Ian Ball likes to hold himself out as another potential Warenn Buffet or WB protege or wannabe. It's not true, It's a sham. I can easily prove it.
IAN BALL will not discuss with his shareholders WHY they would continue to run 4% overhead on what is essentially a passive investment in the Malartic Mine royalty, Agnico Eagle Investment, and Yamana. That is, to BUY GZZ/RZZ management acument, we as shareholders have to pay a 4% annual managment fee which means whe have a 4%hurdle rate of return to overcome on an annual basis before we really make any money.
We have sat here basically doing nothing for 3 years while WAITING for the CASH FLOWS of Malartic Royalty to finally start to pay off.

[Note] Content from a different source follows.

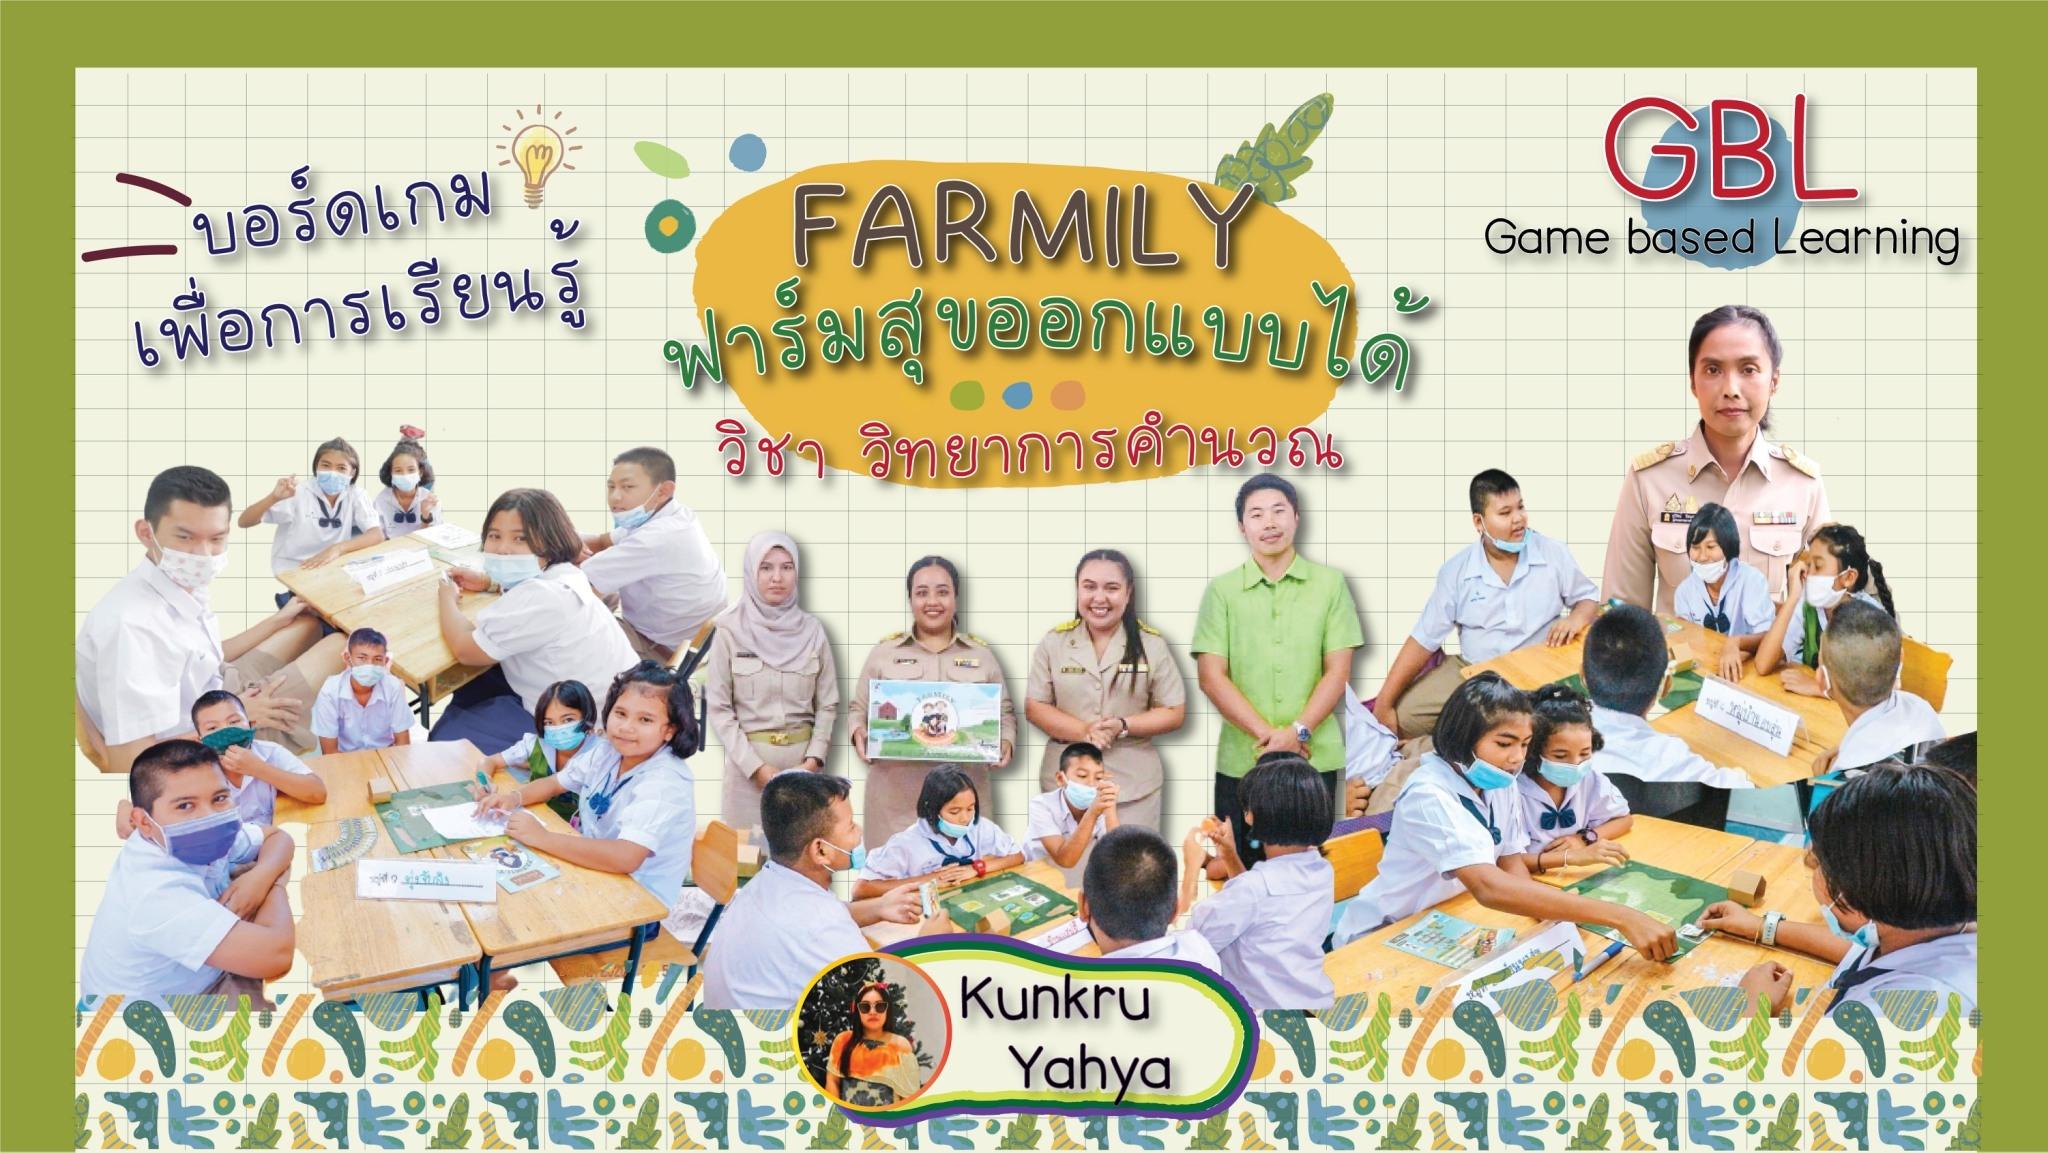 ภาพประกอบไอเดีย Farmily ฟาร์มสุขออกแบบได้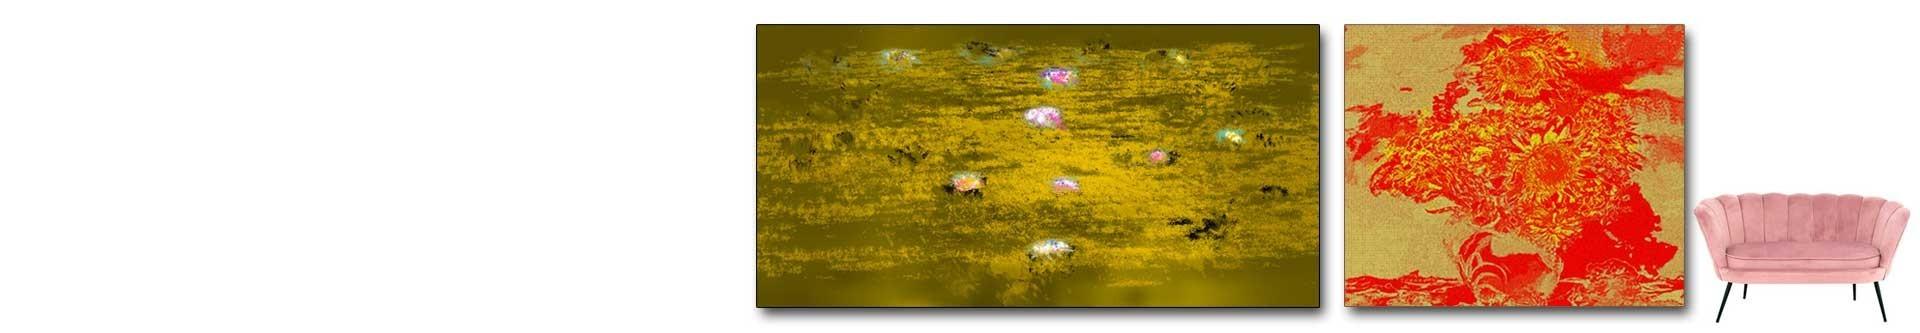 Obrazy na płótnie artysty plastyk oferuje sklep grafikiobrazy.pl Nowoczesne obrazy łączą ekologię z dobrym wzornictwem i grają ze stylem we wnętrzu

He will not discuss why he has RZZ buyback a small about of their shares in the open market, at a higher price than if he were to buy RZZ shares thru the proxy shares GZZ, even when he has a GZZ director Glenn Mullan sitting on the RZZ Board.
Here is the simple math to justify why RZZ should use its cash to buy GZZ stock in the open market instead of RZZ stock. Because it trades at an even greater discount to FMV than whatever RZZ trades at! Assuming that Ian Ball thinks that RZZ trades at a discount to FMV thus a good use of company cash is to buyback these shares in the open market.
GZZ has 133,918,577 shares out at last count. At .29C Can that is $38.84M market value. GZZ has a few other insignificant assets in cash, royalties, and other company shares and option/promote/buy-in agreements on leased land. Maybe worth a few $M.
They have NO liabilities of any note. GZZ does OWN 5,605,246 shares of RZZ, at
$10.60 per share that is worth $59.41M Can.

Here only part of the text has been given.